Ukrainian cyber-security experts Viktor Zhora and Nikolay Koval were able to identify the malware that was used to load a graphic faking the results of the elections onto a Ukrainian election commission server. This fake image was then used by the Russian TV channels to spread lies that the “ultra-rights won Ukrainian parliamentary elections” in 2014.
The EU takes the position that “attribution to a state or a non-state actor remains a sovereign political decision based on all-source intelligence and should be established in accordance with international law of state responsibility.”
Outsourced Kremlin cyber-operations: what are the risks?

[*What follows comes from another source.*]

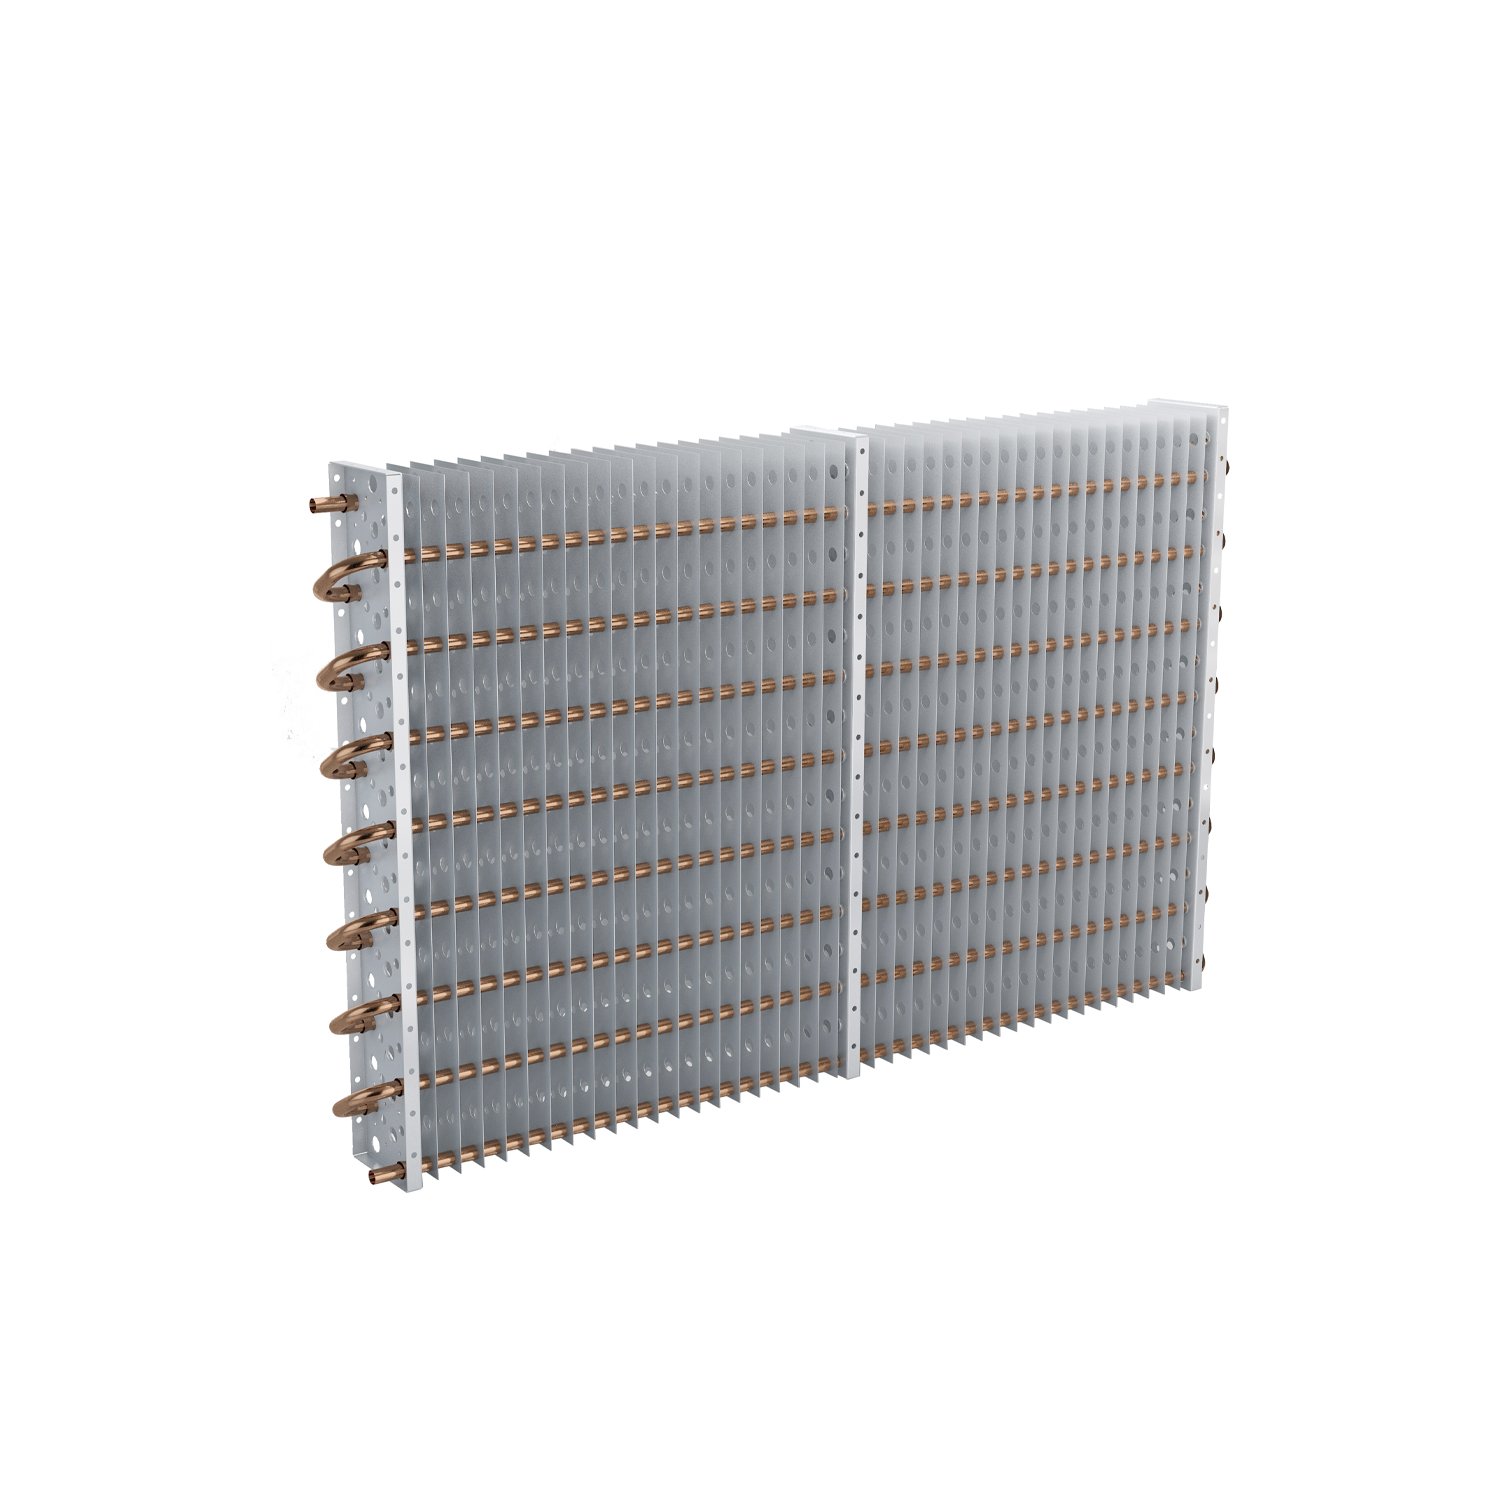 Bandeja de goteo para el evaporador REC09060, 640 x 685 x 250 x 1000

There are plenty of risks for the Kremlin and any other state that plans cyber-attacks using the money of its taxpayers. Firstly, cyber operations embroil such countries in real-world scandals that undermine rather than advance their own policy goals as well as weakens international cooperation on the issues of global importance. Secondly, cross-border operations are hard to control, and the mistakes done by hackers can escalate quickly. And thirdly, cyber-criminals may hit back – they may reveal the names of those for whom they work or leak any other information.
Risks for companies
IT firms who willingly accept the job offer originated in the Kremlin, compromise their overall commercial and reputational gains. Thus, in 2014, the Italian company Hacking Team” lost its export license because it sold iPhone hacking software to Advanced Monitoring, a Russian firm working with the FSB. Also, misleading information about who is behind certain public information campaigns can lead to social media pages with millions of followers being taken down, like in the case of Maffick Media.
Hacked emails of the Russian company Oday Technologies revealed that they helped Russian secret services to conduct their activities in the cyberspace. Such cooperation erodes trust in the company when revealed.
At the same, other Russian companies like Kaspersky Lab want to show that they “distance” themselves from the Kremlin after allegations of Kremlin spying.
Risks for IT specialists
Hacking for the state does not deprive these actions of their criminal nature. When the attacks are discovered, the state for which the hacker works denies its involvement. Despite public campaigns to recruit hackers, Moscow never admits that they work for the Russian government and abandons them when they get in trouble. The trouble can be of different sorts. Thus, hackers and their families undergo the risk of financial or legal consequences, and when they are “trapped” in Russia, they cannot travel to Europe for education, vacation or work.
Despite public campaigns to recruit hackers, Moscow never admits that they work for the Russian government and abandons them when they get in trouble.
When cyber-attacks get attributed, which happens often nowadays, the individuals undergo high risks of getting trapped between criminal charges and blackmailing, and the companies- of losing their reputation and licenses. Cyber-operations taint those working for the Kremlin; they embroil Russia in scandals with other states undermining international cooperation regarding issues of real, global importance.